Atlanta: Residents receiving unemployment benefits will once again be required to look for work, and those whose hours have been reduced will be able to earn less before payments drop, beginning June 27. Labor Commissioner Mark Butler announced the changes Thursday, also saying employers with many laid-off workers collecting benefits will face higher unemployment insurance taxes after that date. It’s a further tightening of Georgia’s unemployment assistance as Butler and other elected Republican leaders say the state needs to do more to push people into the workforce. Georgia announced last month that, beginning June 27, it would cut off federal programs that provide a $300-a-week boost to people on the jobless rolls, as well as programs that pay federal money to people who are not usually eligible for state unemployment or have been receiving jobless aid for longer than the state provides. Those federal programs will last through September. Butler had earlier signaled he would reinstate work-search requirements, a move underway in more than three-quarters of states. Employers will also be asked to report when workers refuse to return to work or refuse a job offer, which could cause workers to lose benefits going forward. To keep drawing benefits after June 26, residents must register with the EmployGeorgia.com website.

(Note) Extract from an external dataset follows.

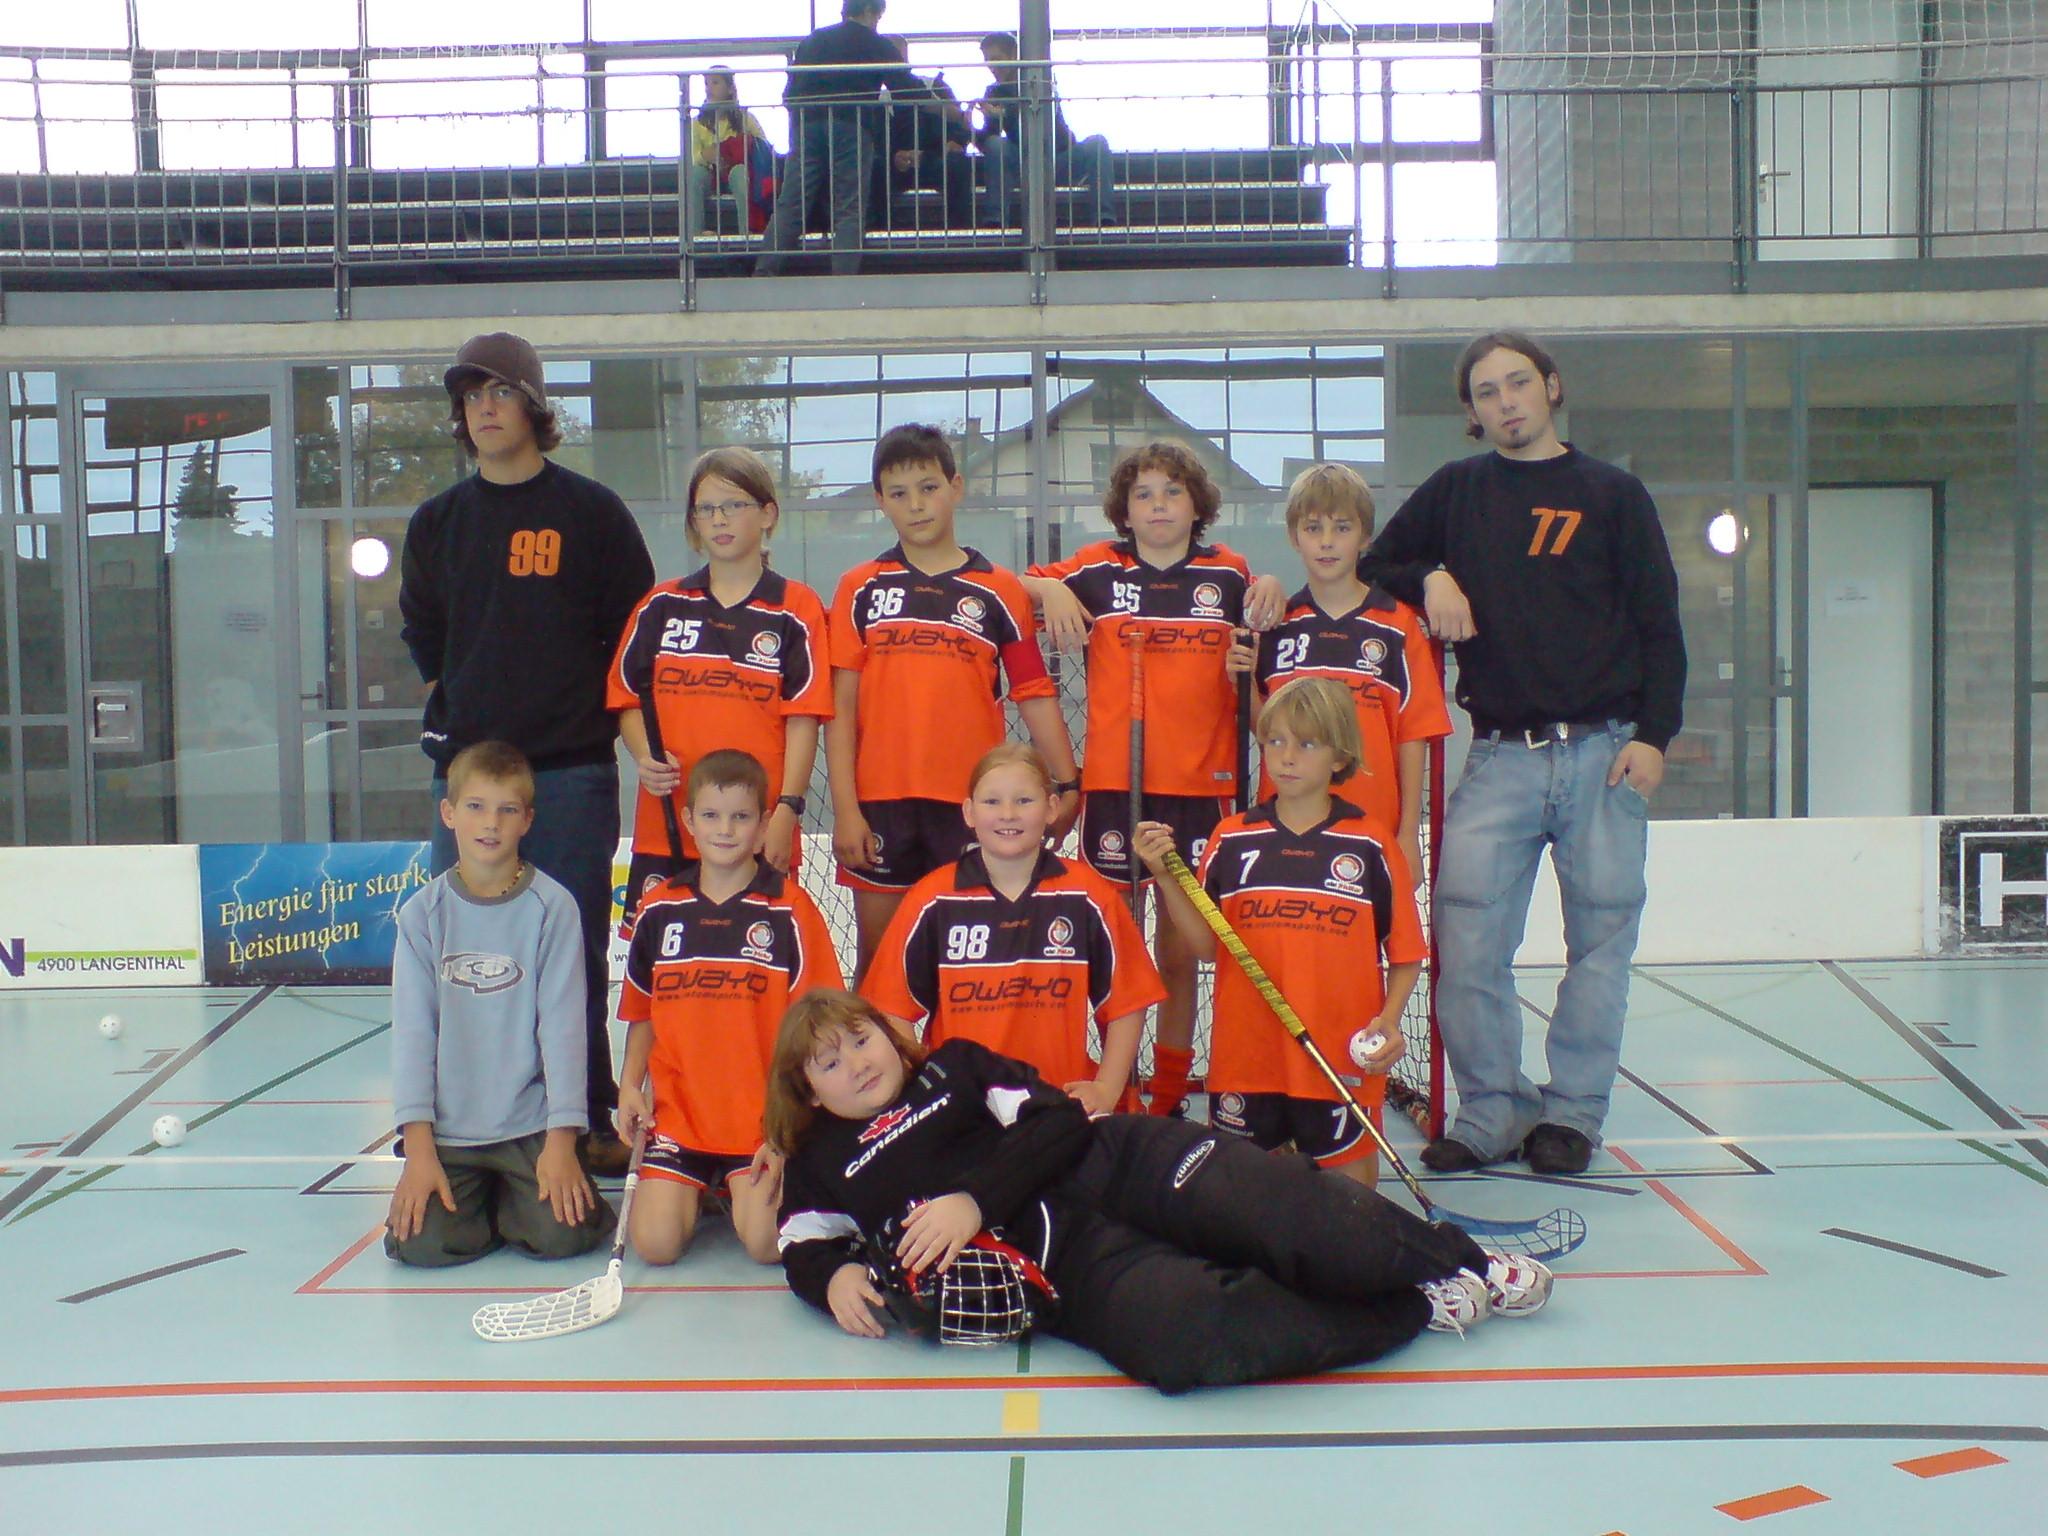 Junioren D (Saison 2006/2007)

Lahaina: Restaurants are having a hard time serving an influx of tourists returning to the islands as pandemic restrictions across the nation ease. Gov. David Ige has said the 50% capacity limit on restaurants will not increase until 60% of residents are fully vaccinated against COVID-19. But capacity increases won’t help some restaurants with limited space, Hawaii News Now reports. On Maui, Cool Cat Cafe General Manager Paul Kemp said his restaurant won’t be able to serve many more people until social distancing rules change. “If we can get 6 feet to 3 feet, that’s when everything will really come together for the restaurants and put everything really back to the old norm,” he said. People are currently waiting about an hour to eat at the cafe, he said. And restaurants that do take reservations are often booked, sometimes for weeks in advance. The owners of Sale Pepe restaurant appreciate the safety measures. “We need to be safe,” owner and chef Michele Di Bari said. “People think it’s over, especially people who are coming on vacation.” The restaurant is booked until the end of the month and has increased its takeout and delivery business. “We always remember that this is a temporary situation,” owner and general manager Qiana Di Bari said. “It’s uncomfortable right now. … We just have to hang in there.”
Boise: The state could finish the fiscal year at the end of June with a record budget surplus of $800 million, Gov. Brad Little announced Wednesday. The Republican governor said he will advocate for additional tax cuts along with investments in key areas, with education topping the priority list. Lawmakers will take up the budget when they meet in January. Little said fiscal conservatism, swift action during the coronavirus pandemic, responsible allocation of billions of dollars in federal COVID-19 rescue money and “our relentless focus on cutting red tape are the reasons Idaho’s economy is catapulting ahead of other states right now.” Little noted that May revenue numbers came in $580 million ahead of forecasts and, at nearly $850 million, the best in state history. The Division of Financial Management said revenue numbers for May, also released Wednesday, were far above predictions because the deadline for paying income tax was delayed from April to May due to the pandemic. Overall this year, individual income taxes have brought in $2.3 billion, about 25% more than predicted. Sales tax collections are up nearly 8% to $1.8 billion.
Springfield: State lawmakers could take up a bill later this month that would restore voting rights to convicted offenders serving time in county jails or state or federal prisons, according to the measure’s House sponsor. Rep. La Shawn Ford, D-Chicago, said the bill almost came up for a vote during the final days of the regular session but was delayed due to some last-minute confusion. Lawmakers wrapped up the bulk of their spring session June 1, but they did not formally adjourn the session because negotiations were continuing on a massive energy bill that would put Illinois on a path to producing 100% of its electricity from renewable and carbon-free sources. The Senate plans to return next Tuesday to vote on the energy bill, with the House in session the following day. Ford’s proposal to restore voting rights to convicted inmates was the subject of a committee hearing in March, but the panel never voted on it. During that hearing, Rep. Patrick Windhorst, R-Metropolis, questioned whether it would require a constitutional amendment before it could take effect because the Illinois Constitution states: “A person convicted of a felony, or otherwise under sentence in a correctional institution or jail, shall lose the right to vote, which right shall be restored not later than upon completion of his sentence.”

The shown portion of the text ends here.